After hours spent in an airport lounge trying to get her giggles and energy out while eating as much as we could without feeling lethargic and icky, we boarded our second flight, a 9-hour long-haul. I was feeling much more at ease with a baby on a plane after having experienced it, even if it was short. Even though I was feeling pretty decent, the people around us may not have. As we boarded the plane, turning left into the premium economy cabin I had been adamant on (more room for baby, food constantly, great post-pandemic deal) I could see the stress and horror run across the faces of those who had paid more for a — hopefully — quieter and roomier flight. I didn’t blame them. Flying for 9 hours can be annoying and exhausting enough; no one would want to deal with a screaming baby for those 9 hours.

But, here’s the thing. A baby will — most likely — not scream for those 9 hours. They will maybe cry on take-off and landing if they refuse the breast, bottle, or snacks and water to help with their ears. They will maybe cry if they’re hungry. They may be a bit fussy and whiney every so often, but it is unlikely that they will scream for that long with no end in sight. And, with the right tools on your journey, you can cut all of that down to nil or very little.
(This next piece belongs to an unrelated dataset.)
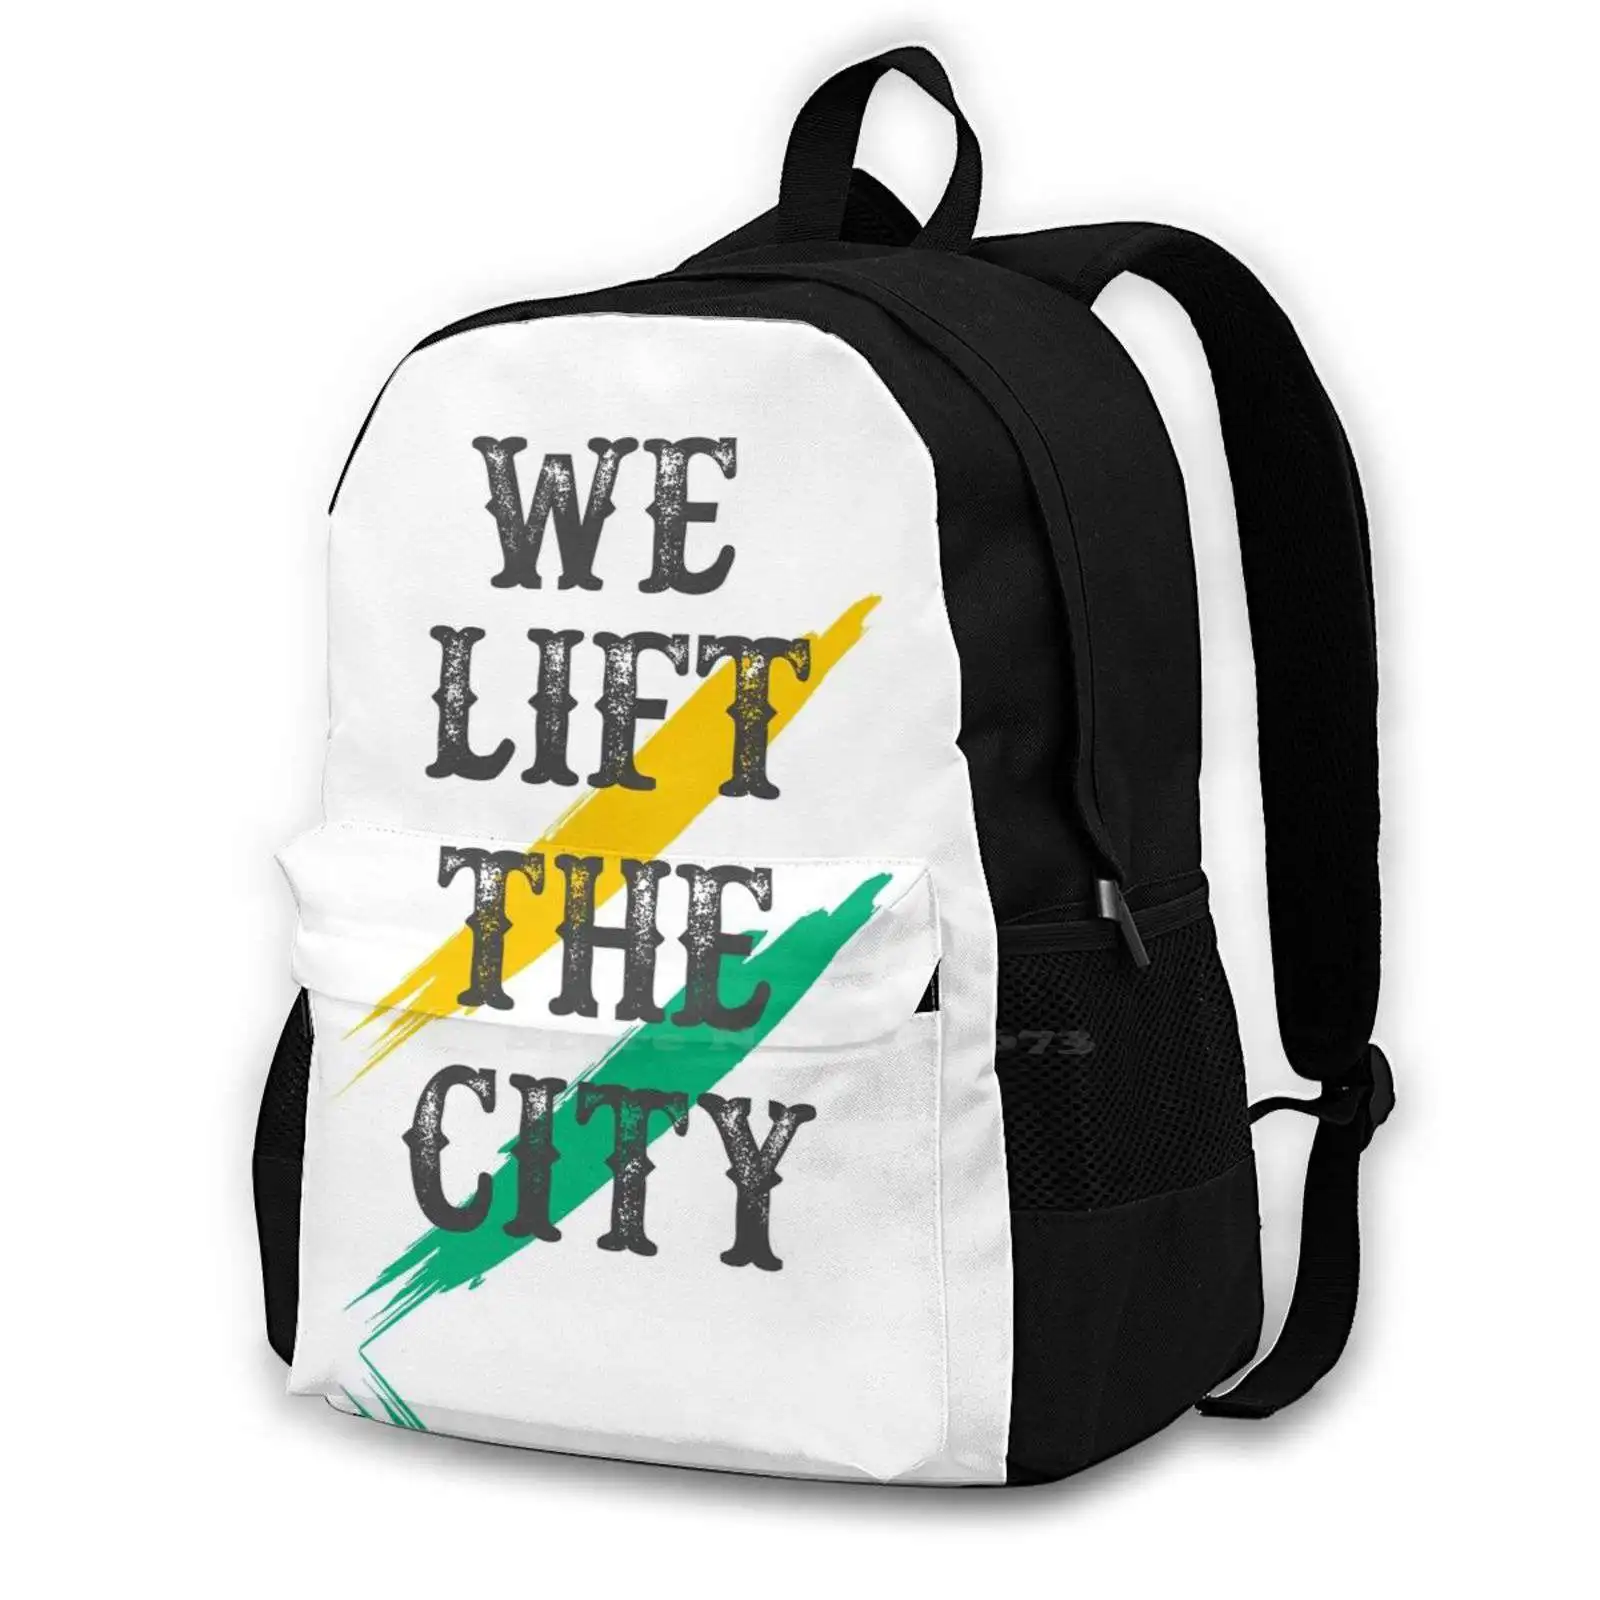 

Футболка We Lift The City, модный вместительный рюкзак для ноутбука, сумки для путешествий, город Торонто, бениб, искусственный клуб, фитнес, редкий

I will admit, feeling the people around us tense up at seeing our baby happily boarding the plane, looking excitedly at everyone and everything, had my anxiety flare up. But, I held strong on feeling okay with it. Babies are allowed to be in public, and even though people act like this isn’t true, an airplane is public transportation. It is just a giant bus in the sky. Was I on edge a little more whenever she let out a peep? Of course. I always am when we are in public. But, I’d remain calm and calm her, getting what she needed to be happy and content. The flight attendant was amazing and so helpful, giving us extra tips and tricks and letting us know the best way to eat in peace.

At the end of that flight, the man across from us told us how amazing she was the entire flight as he took his luggage down from the overhead compartment. I beamed with pride, feeling like we had won family travelling, but if it wasn’t for the fact that babies needed to be ‘good’ and perfectly silent when in public, I never would have felt that anxiety or stress that society places on moms and babies.

Boarding a plane with a baby will be anxiety inducing every single time, even if you’re feeling pretty relaxed. There’s always that chance that absolutely everything will go wrong and there will be nothing you can do to stem the flow of pure shit — both literally and figuratively. As a society, we all have to remember that babies are part of our society and allowed to be out, too. Shutting up parents for years just so babies can look a part is cruel. If we remember this, maybe this anxiety will lessen and over time, become obsolete. A travelling mom can only hope.